Si côté employeur la justification est d’améliorer la sécurité et la productivité de ses employés, le système n’en reste pas moins très invasif. Il pose également la question d’un transfert de la responsabilité de l’employé vers l’entreprise. En légitimant ce contrôle sur la vie des employés, on admet que ces derniers sont incapables de conserver une hygiène de vie compatible avec leur activité professionnelle et qu’il faut donner la possibilité aux entreprises de se substituer à eux. Outre une déresponsabilisation des individus et l’inscription de cette tendance dans le culte de la performance qui marque notre époque, cette évolution donnerait aussi la possibilité aux employeurs d’exercer une forme de censure sur la vie de leurs employés.

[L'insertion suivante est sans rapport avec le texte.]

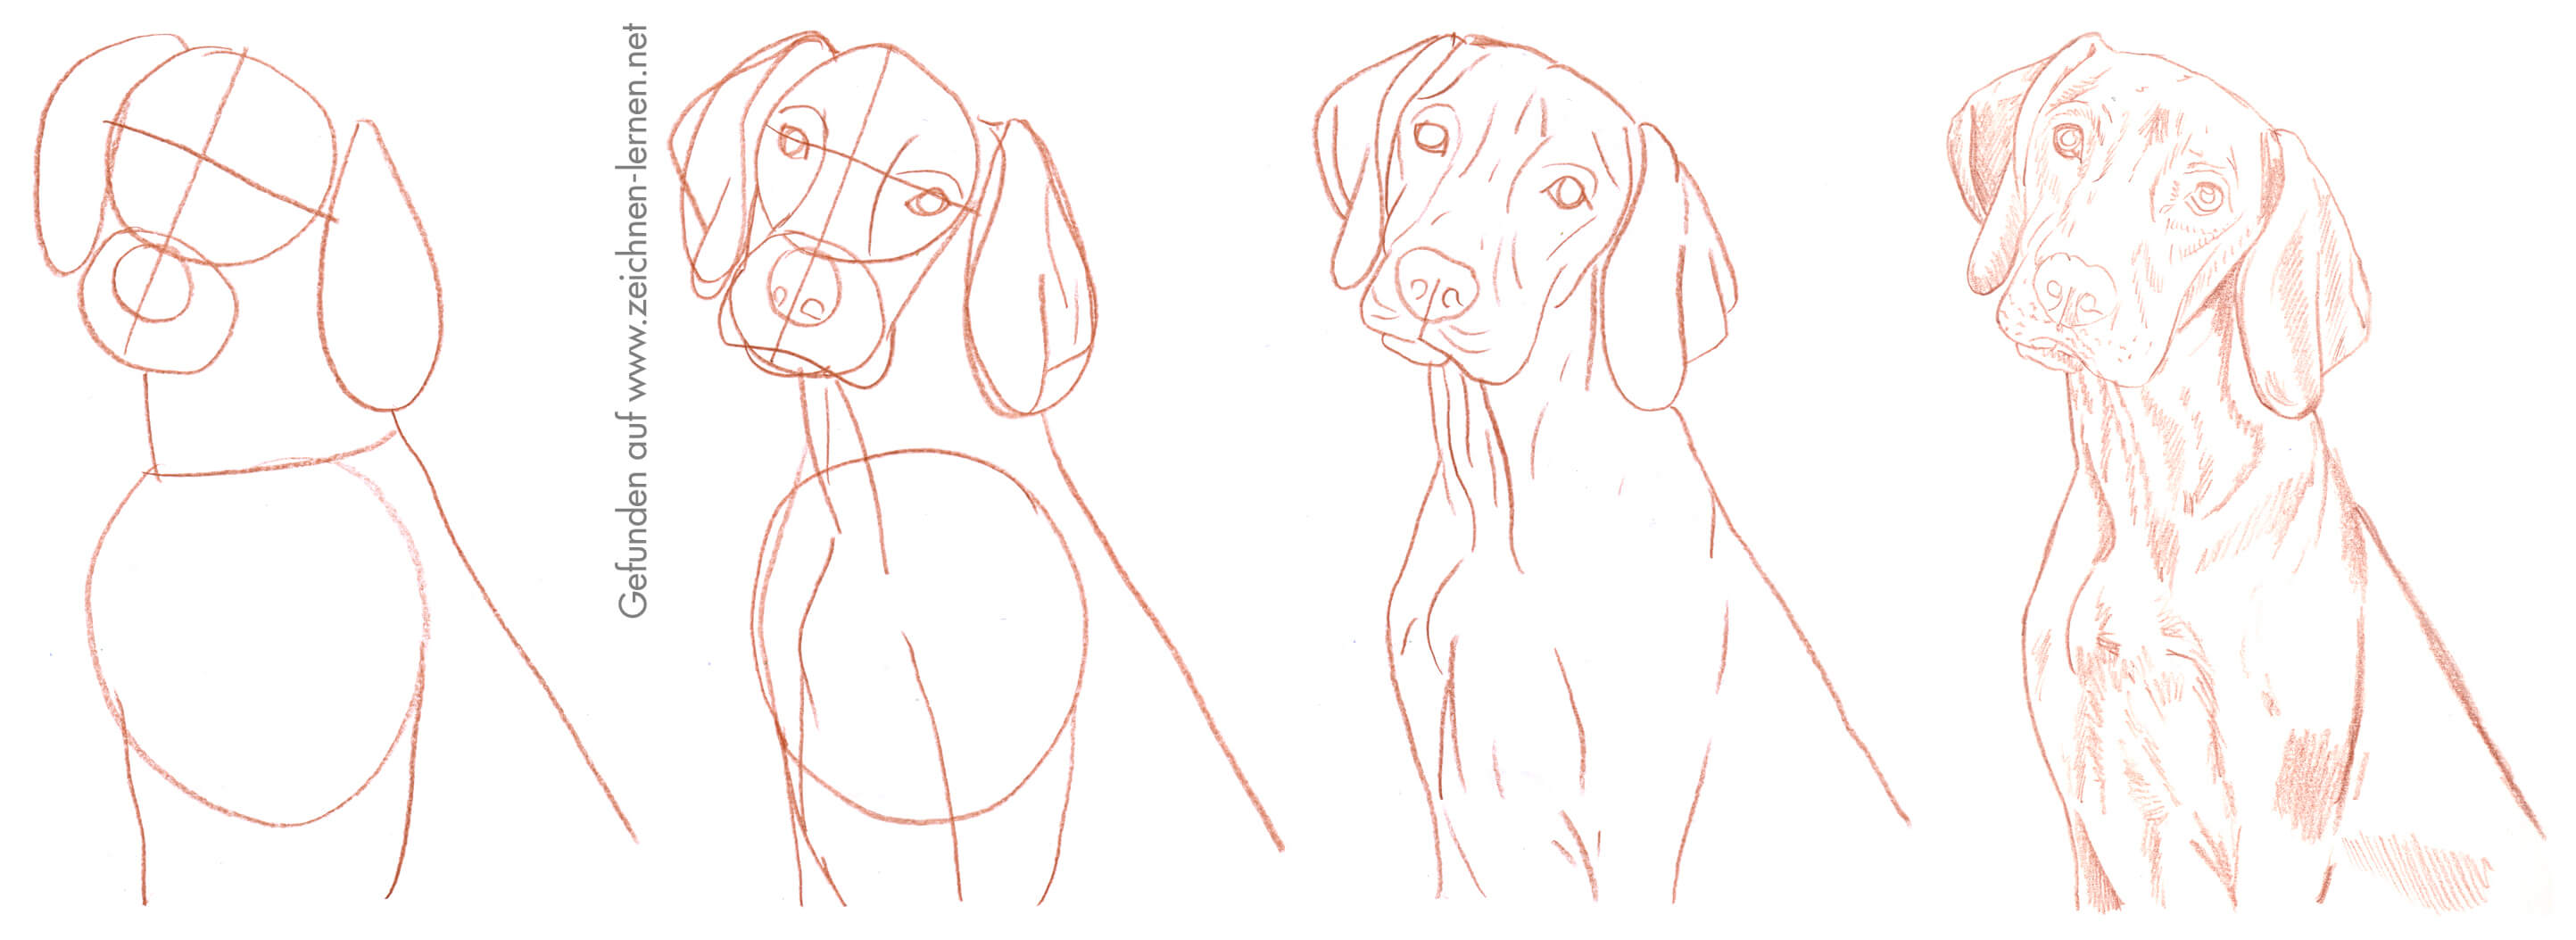 Hund Zeichnen Lernen So Zeichnest Du Unsere Pelzigen Freunde Zeichnen lernen fuer anfaenger wie schueler, wiedereinsteiger und fortgeschrittene. zeichnen lernen

Dans une tribune récente publiée dans Forbes, Cédric Hutchings, le co-fondateur du fabricant français d’objets connectés Withings, pose la question de la surveillance du sommeil par les employeurs. Se fondant sur une étude de l’association américaine, National Sleep Foundation, il explique que les troubles du sommeil pourrait coûter près de 100 milliards de dollars par an à l’économie mondiale. Il n’évacue pas dans son analyse le problème du respect de la vie privée tant le sommeil touche à l’intime d’une personne. Et il se veut rassurant en expliquant que chez Withings les données sont analysées en respectant l’anonymat des utilisateurs et en les agrégeant pour éviter les recoupements qui permettraient de reconnaître une personne. Et d’une certaine manière on peut objecter qu’en s’équipant, à titre personnel, d’objets connectés, on consent déjà à partager des données privées avec les fournisseurs de ces services. Mais la mise à disposition de ces mêmes données aux employeurs conduirait à franchir une autre étape. Celle d’un contrôle des entreprises sur les vies de ses employés. Une version moderne de l’esclavage. Sans se livrer à un combat d’arrière-garde qui conduirait à interdire cet usage des objets connectés, il serait temps que le législateur s’empare de ce sujet pour éviter les dérives.